Putting together a camping, turkey hunting, bass fishing trip for some friends. I have only fished Hurricane lake. Which lake has the best fishing?


----------



## welldoya (Oct 5, 2007)

I know that the biggest fish have come out of Hurricane.
I recall several years ago when two huge bass came out of there in the same week. In the 14 lb range if I recall correctly. Maybe bigger.


----------



## Jason (Oct 2, 2007)

I would do Hurricane just cause it's bigger. Karrick has very nice camping facilities though.


----------



## Buckchaser (Jan 28, 2014)

Hurricane


----------



## auguy7777 (Feb 23, 2009)

Hurricane by far, don't bother with the other lakes.


----------



## Donut slayer (Jan 16, 2009)

Does hurricane have good bluegill and shellcracker?


----------



## Jason (Oct 2, 2007)

Donut slayer said:


> Does hurricane have good bluegill and shellcracker?

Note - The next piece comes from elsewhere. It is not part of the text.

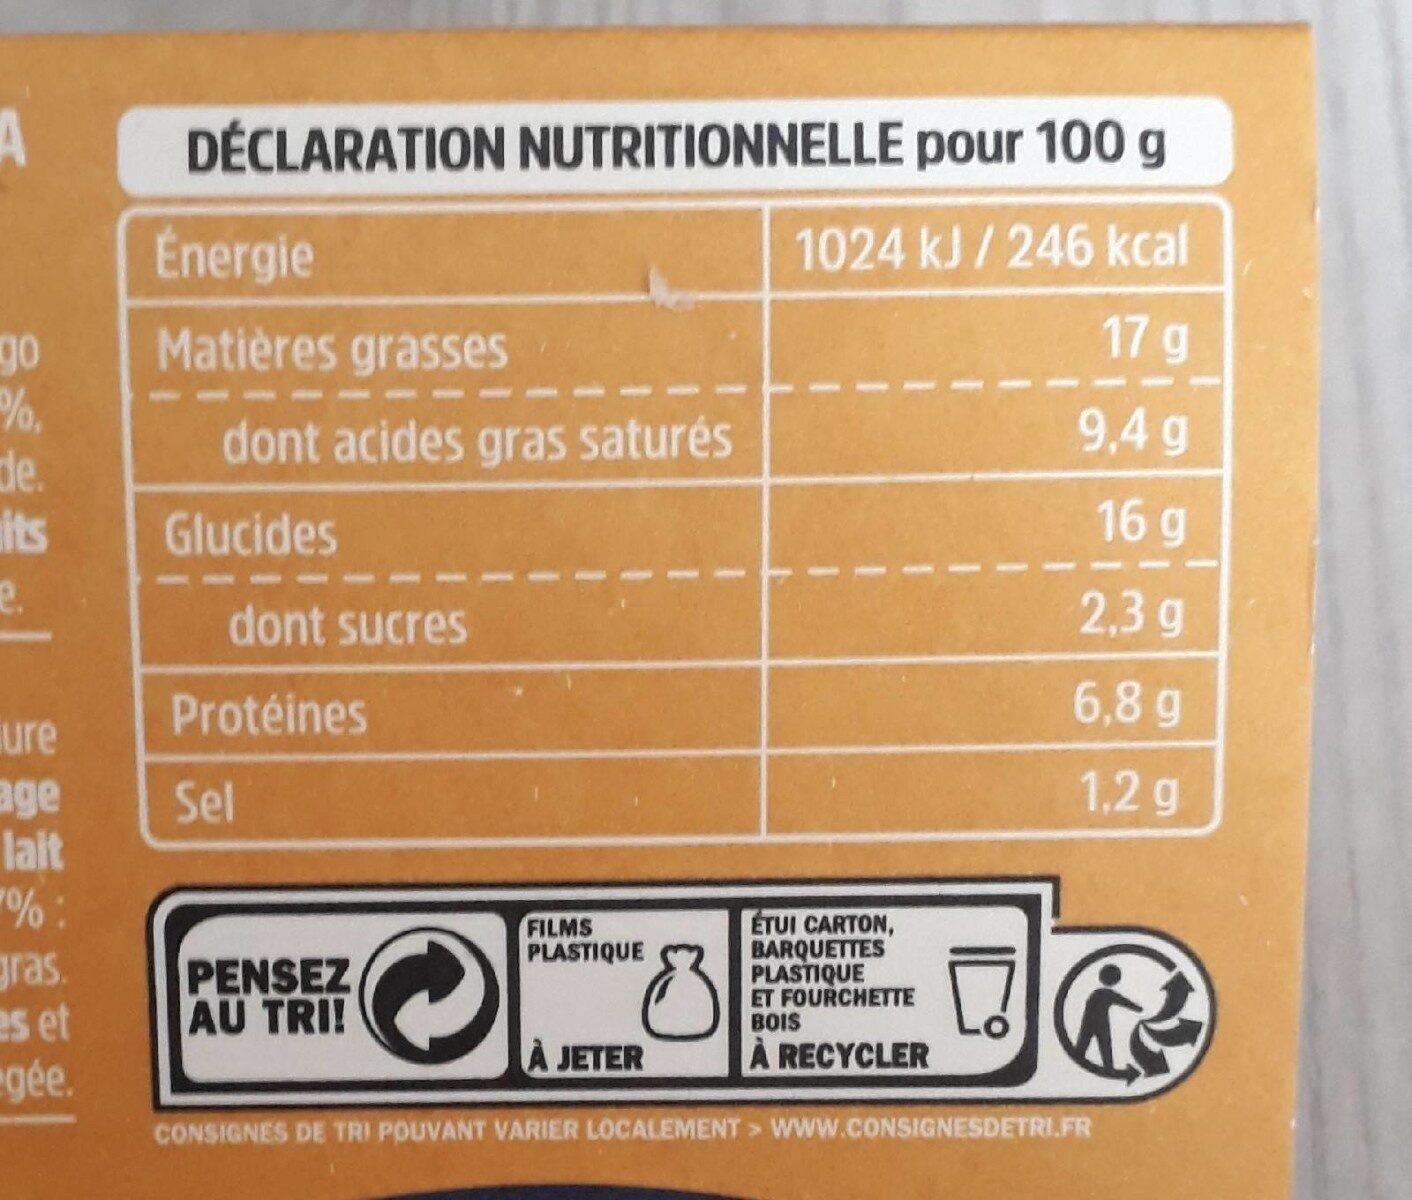 Tortellini ricotta & épinards aux fromages - Nutrition facts - fr

Blues yes, crackers---not sure since I don't ever target them. I would guess yes though....:thumbsup:


----------



## reelthrill (Oct 3, 2007)

lots of big shellcrackers in Hurricane. Spot the beds during the daylight and come back and fish for them at night.


----------



## fire228 (Oct 3, 2007)

I went to Bear and Hurricane lake yesterday. Was fishing from around 8am until 2pm and didn't get as much as a hit!!! So I threw the poles in the truck and just went walking around talking to others fishing there, some had been camping and fishing everyday for the past few days and caught only 2-3 fish...So it wasn't just my bad luck on the lake, the Fish just wouldnt bite.

I love fishing at Bear Lake though and Hurricane Lake is just huge so there is more places to fish. I haven't fished Karick Lake in about 15 years, but back then it was real good. Always had good luck there.

So just watch the Weather, Pack the poles and go where-ever you want, you will have fun either way :thumbup:


----------



## SpeedoJosh (Jun 15, 2013)

Where are these places located? I recently put a little trolling motor on my jon boat and am looking to hit the lakes.

EDIT: NM, found them on Google maps. Looks like they're in Blackwater State Forrest.


----------